(Problem to work on)
Exactly the lines from the one holding "Leather Chunky Chelsea Ankle Boot image 1" through the end of the material below must be printed, nothing more, and the pictures must be dropped.

(Provided material)
* * * *

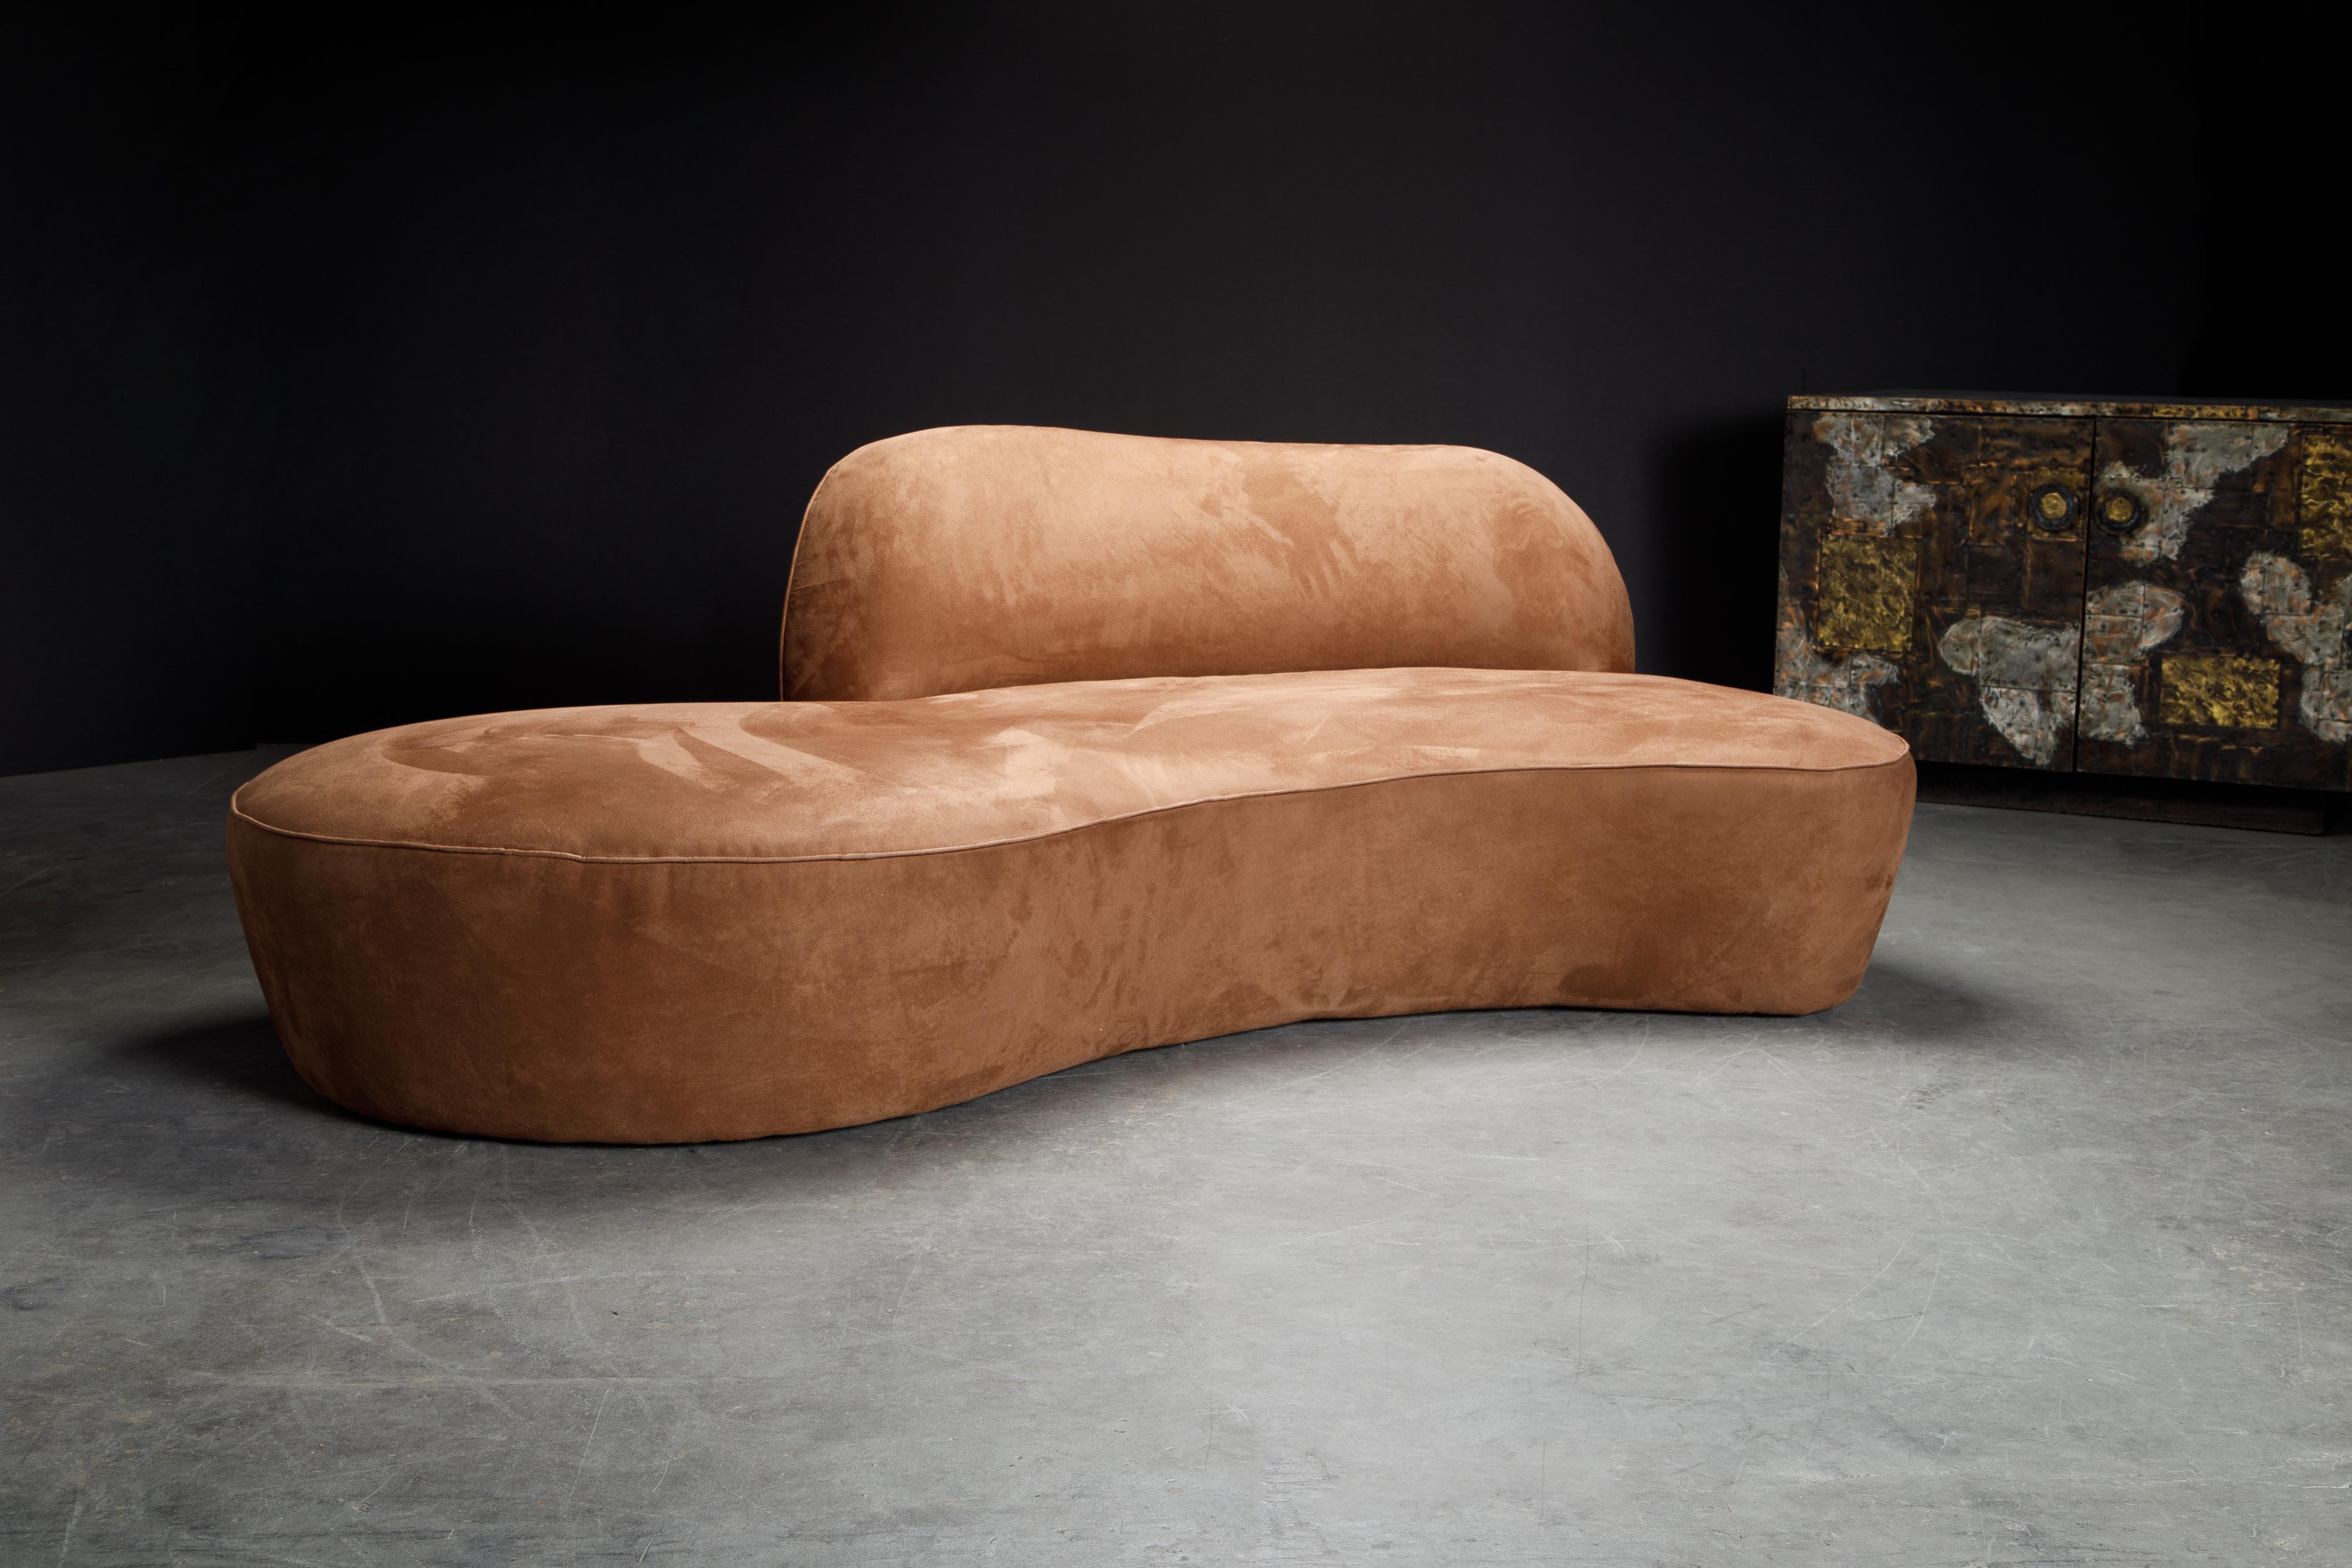 This spectacular example of Vladimir Kagan design was produced by American Leather for a short time during the early to mid 2000's, in its original brown Alcantara Ultrasuede, signed underneath with original American Leather label. Modeled after the
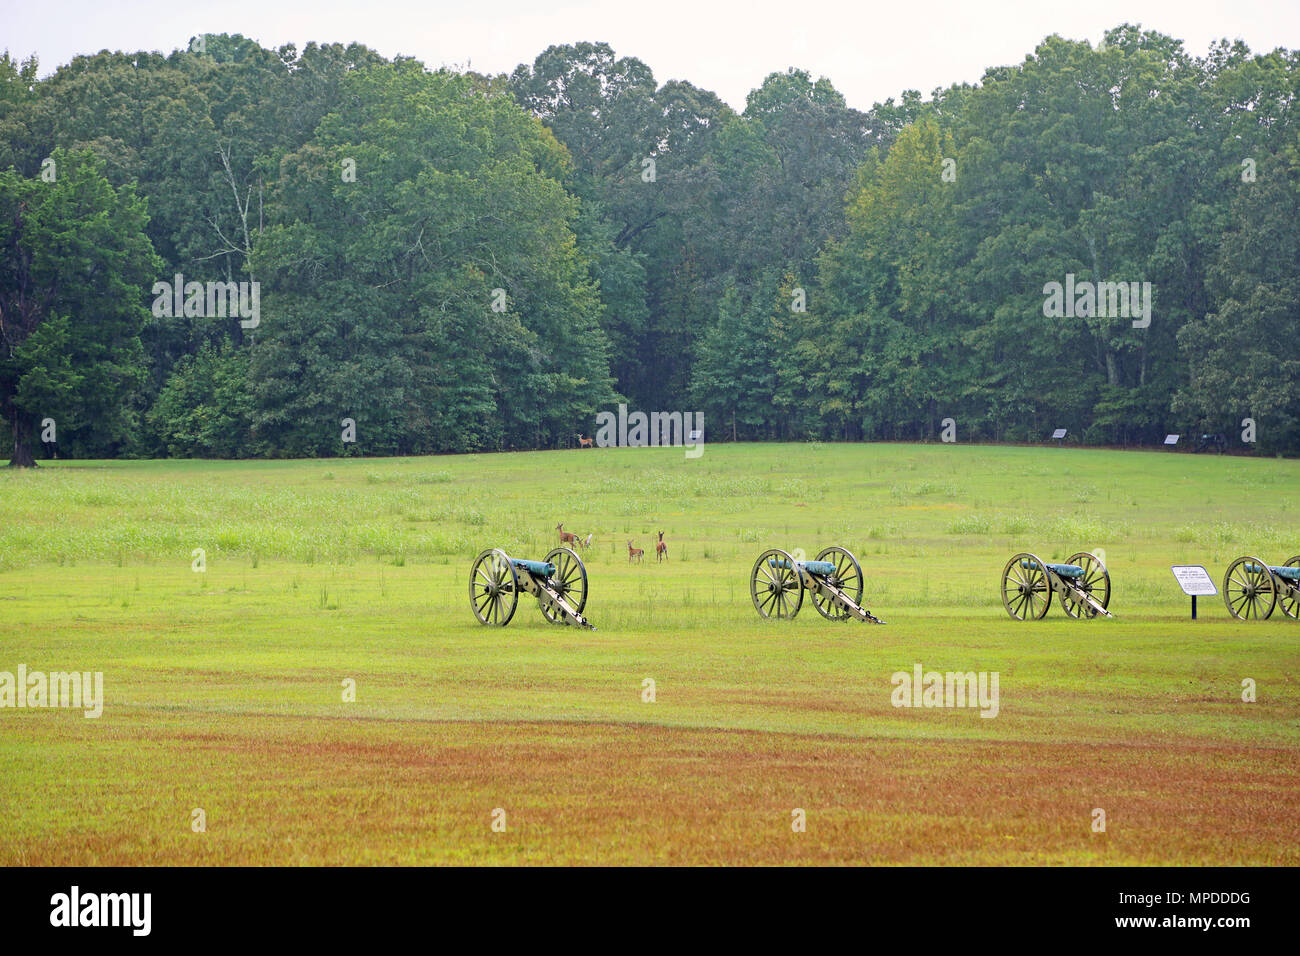 Cannon and deer on battlefield - Shiloh National Military Park, Tennessee Stock Photo
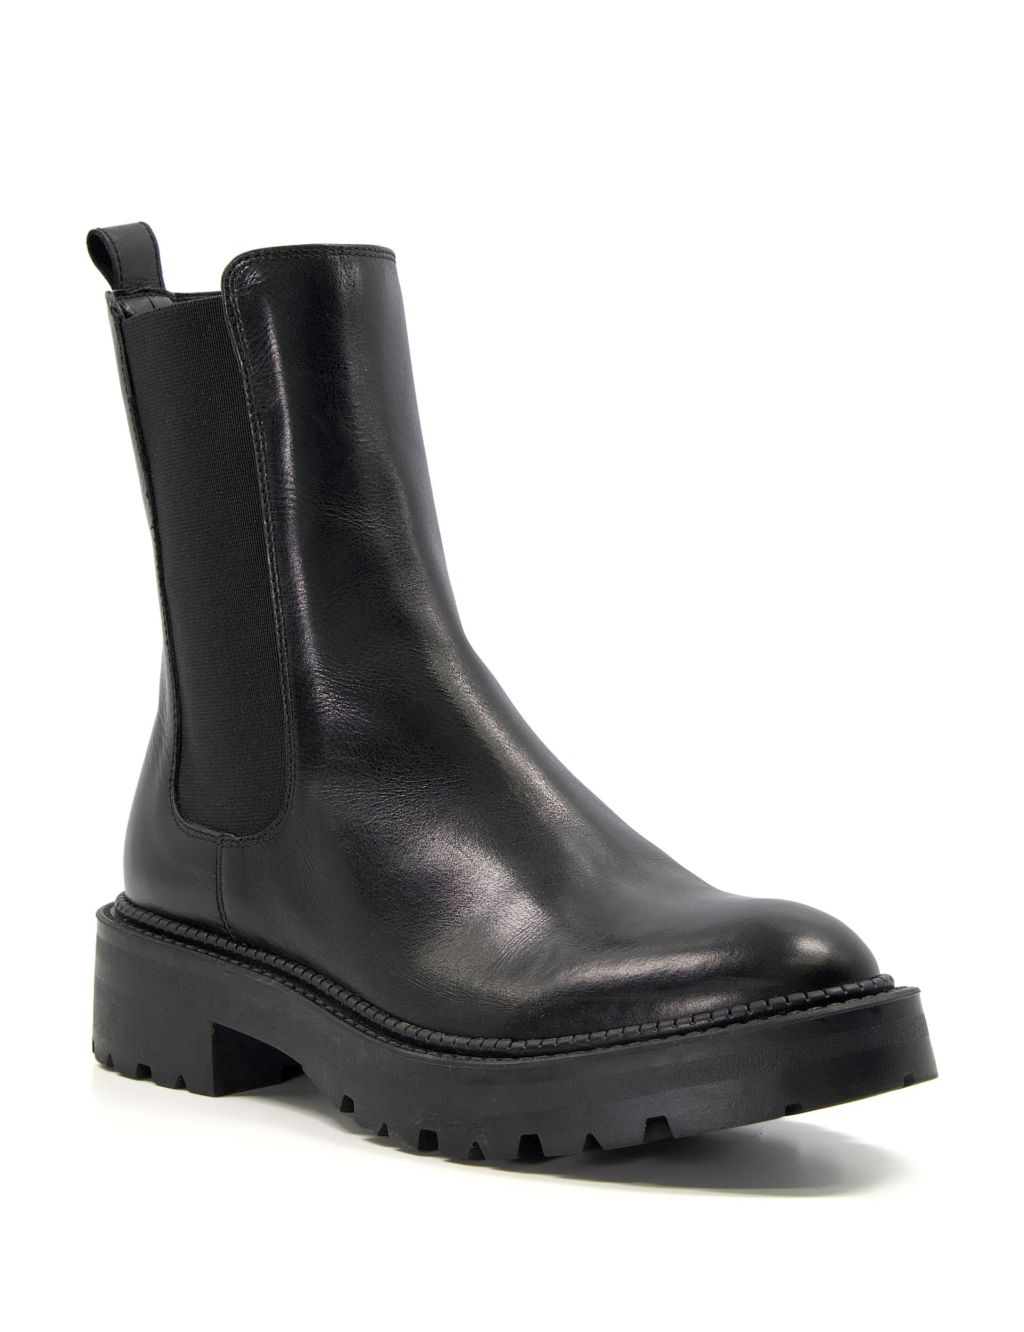 Leather Chunky Chelsea Ankle Boot image 1
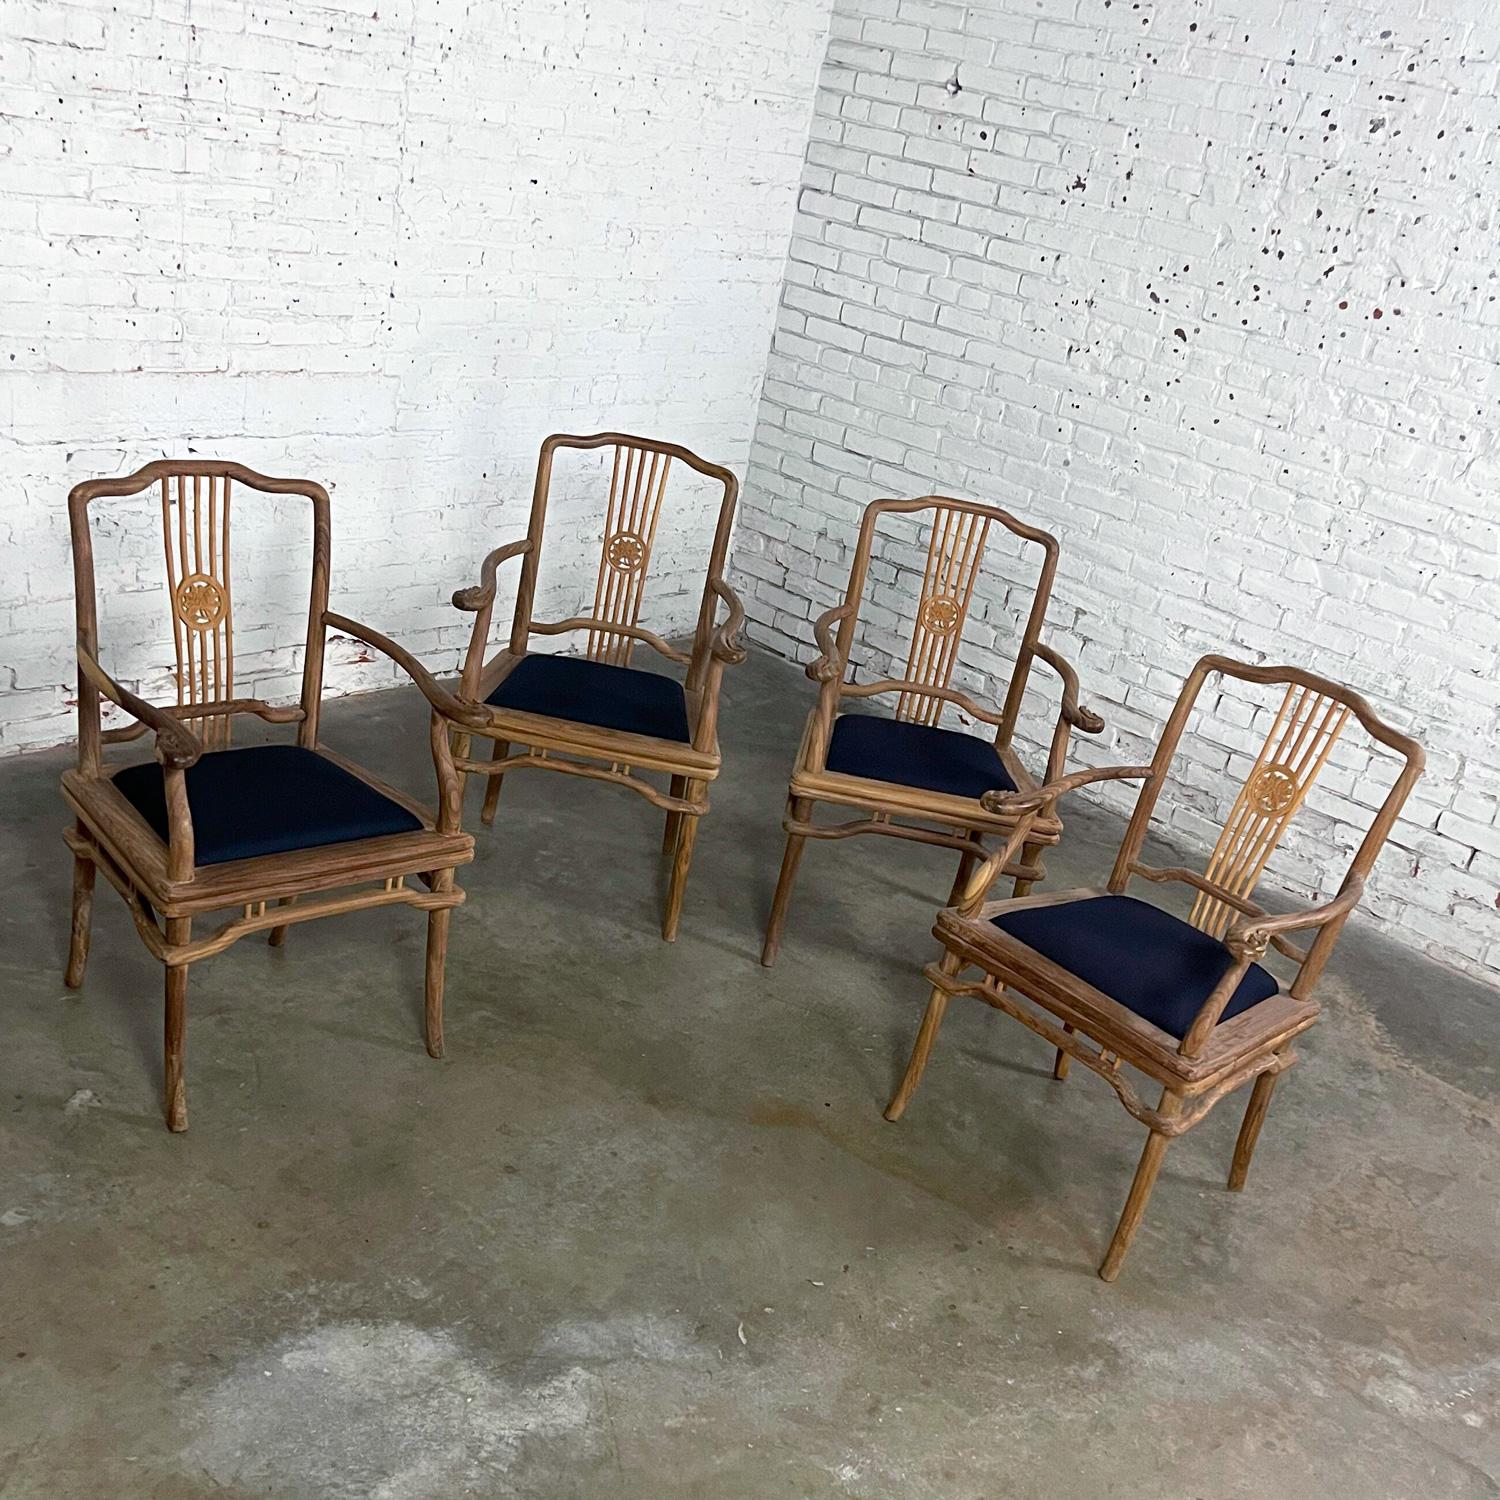 20th Century Late 20th Ming Style Indonesian Dining Armed Chairs Natural Teak w/ Black Seats For Sale

* * * *

(Written solution)
 Leather Chunky Chelsea Ankle Boot image 1
 20th Century Late 20th Ming Style Indonesian Dining Armed Chairs Natural Teak w/ Black Seats For Sale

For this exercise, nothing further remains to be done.